Cameroun-Guinée Équatoriale : du vieux vin dans les outres neuves

Depuis le 30 juin dernier, c’est un air de décrispation qui souffle entre Yaoundé et Malabo.

Signature du communiqué de presse final

Après la retentissante polémique sur la construction d’un mur (sur initiative de la Guinée Équatoriale) à la frontière entre leurs deux pays, Joseph Beti Assomo et Leandro Bakale Nkogo (respectivement ministres camerounais et équato-guinéens de la Défense) ont entonné l’hymne de la réconciliation les 29 et 30 juin 2020 à Yaoundé. Les signes, les plus tangibles, sont ces phrases prononcées par les deux personnalités. «La relation est tellement forte entre nos deux pays qu’elle ne peut pas rester indéfiniment sur une pente descendante. Personne ne peux s’attaquer au Cameroun en passant par la Guinée Equatoriale.

Des ennemis veulent nous voir divisés, mais nos peuples et surtout nos chefs d’Etats sont attachés à la paix», dixit Leandro Bakale Nkogo. Pour sa part, Joseph Beti Assomo a dit que son pays s’attelle méthodiquement pour la normalisation des relations avec Malabo. Il est à relever qu’au cours de leurs travaux, ayant essentiellement porté sur les modalités de coopération et d’actions communes à la frontière entre le Cameroun et la Guinée Equatoriale les deux ministres de la Défense ont entre autres, résolu de «Dynamiser davantage les échanges dans les domaines de la formation, du renseignement et de la lutte contre la criminalité transfrontaliers et les autres types de menaces».
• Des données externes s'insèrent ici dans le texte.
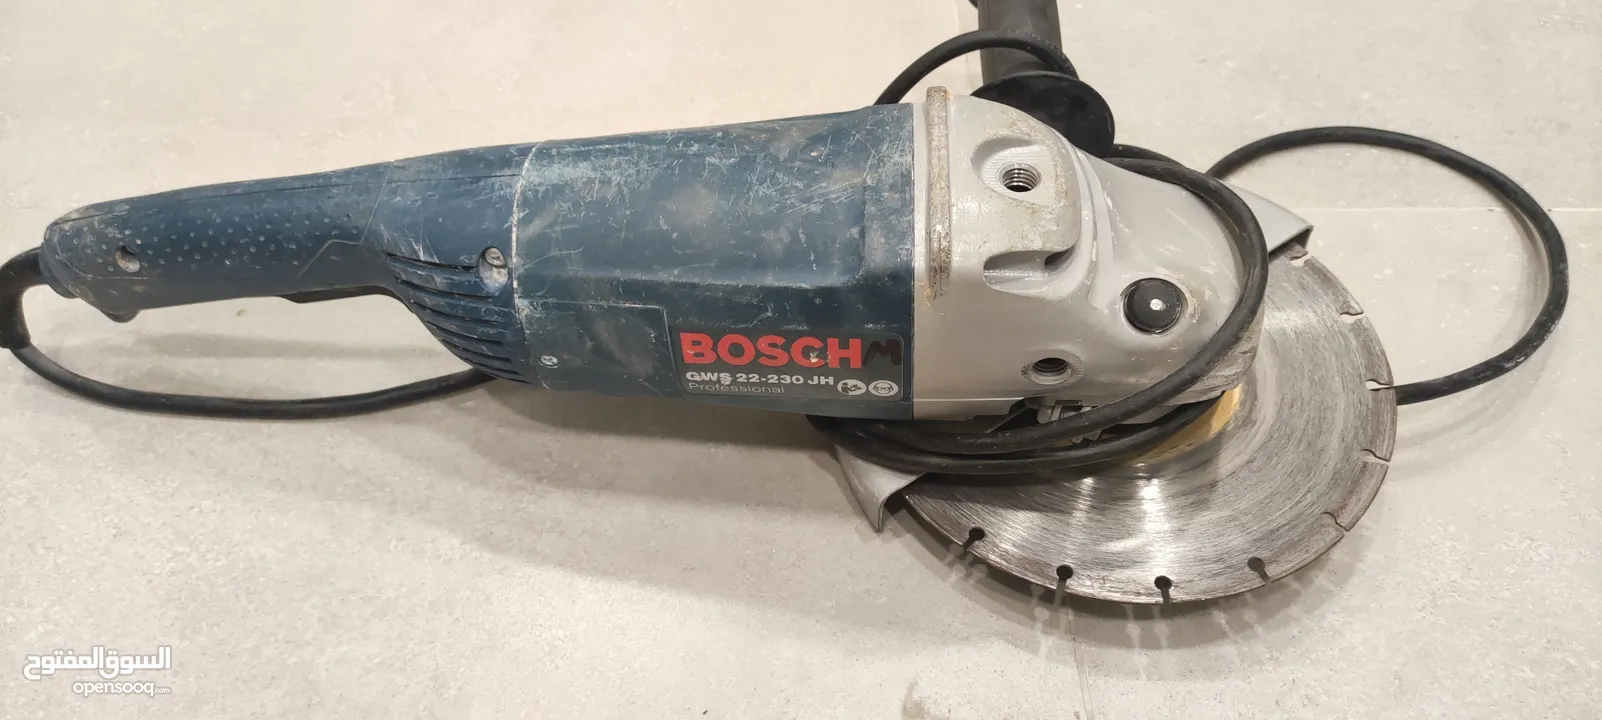 Bosch angle grinder 9" gws 22-230

Seulement, aucune résolution n’a été évoquée pour la suite de la construction du mur, durant la tenue des travaux. Pendant les discutions entre hautes autorités militaires conviées à ce conclave, Malabo a surtout cherché à corriger l’image de dureté qu’il a auprès autorités camerounaises. L’exercice a consisté à éviter d’expliquer pourquoi, au niveau de la frontière, le cycle des relations entre le Cameroun et la Guinée Équatoriale a très souvent oscillé entre le mauvais et l’exécrable.
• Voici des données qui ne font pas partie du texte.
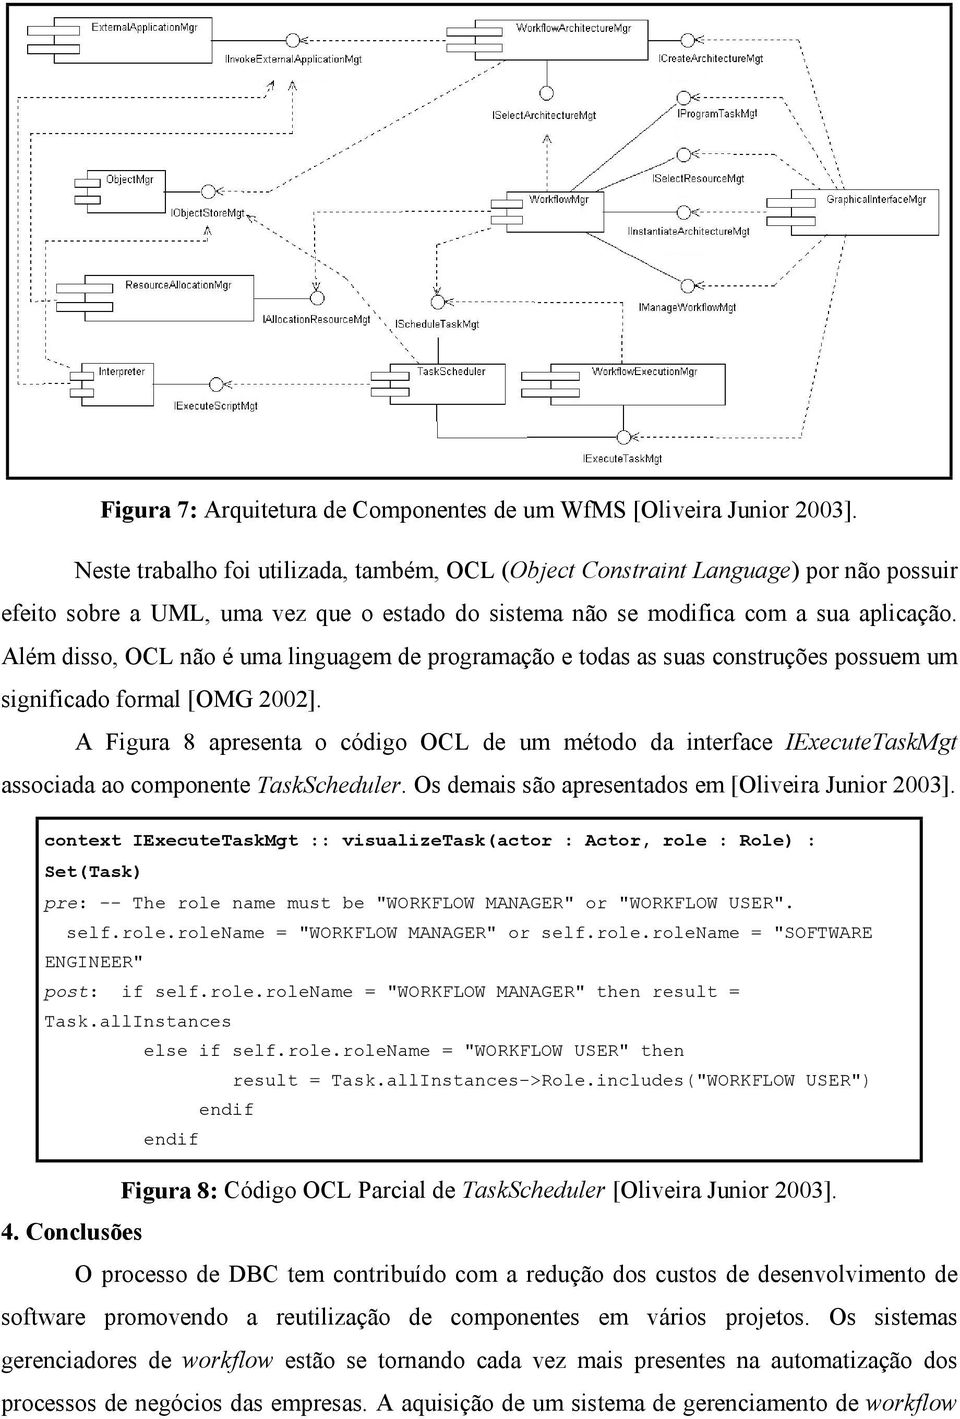 Além disso, OCL não é uma linguagem de programação e todas as suas construções possuem um significado formal [OMG 2002].

Le Cameroun et la Guinée Équatoriale ont signé un Traité de bon voisinage en 1980, un Accord portant création de la Commission mixte permanente de sécurité transfrontalière ainsi que le Règlement intérieur du comité de suivi des questions consulaires conclu en 2012. Il y’a aussi des accords-cadres établis afin de résoudre les problèmes qui pourraient survenir entre les deux pays. La prochaine réunion de cette même envergure se tiendra à Malabo à une date qui sera arrêtée entre les deux parties.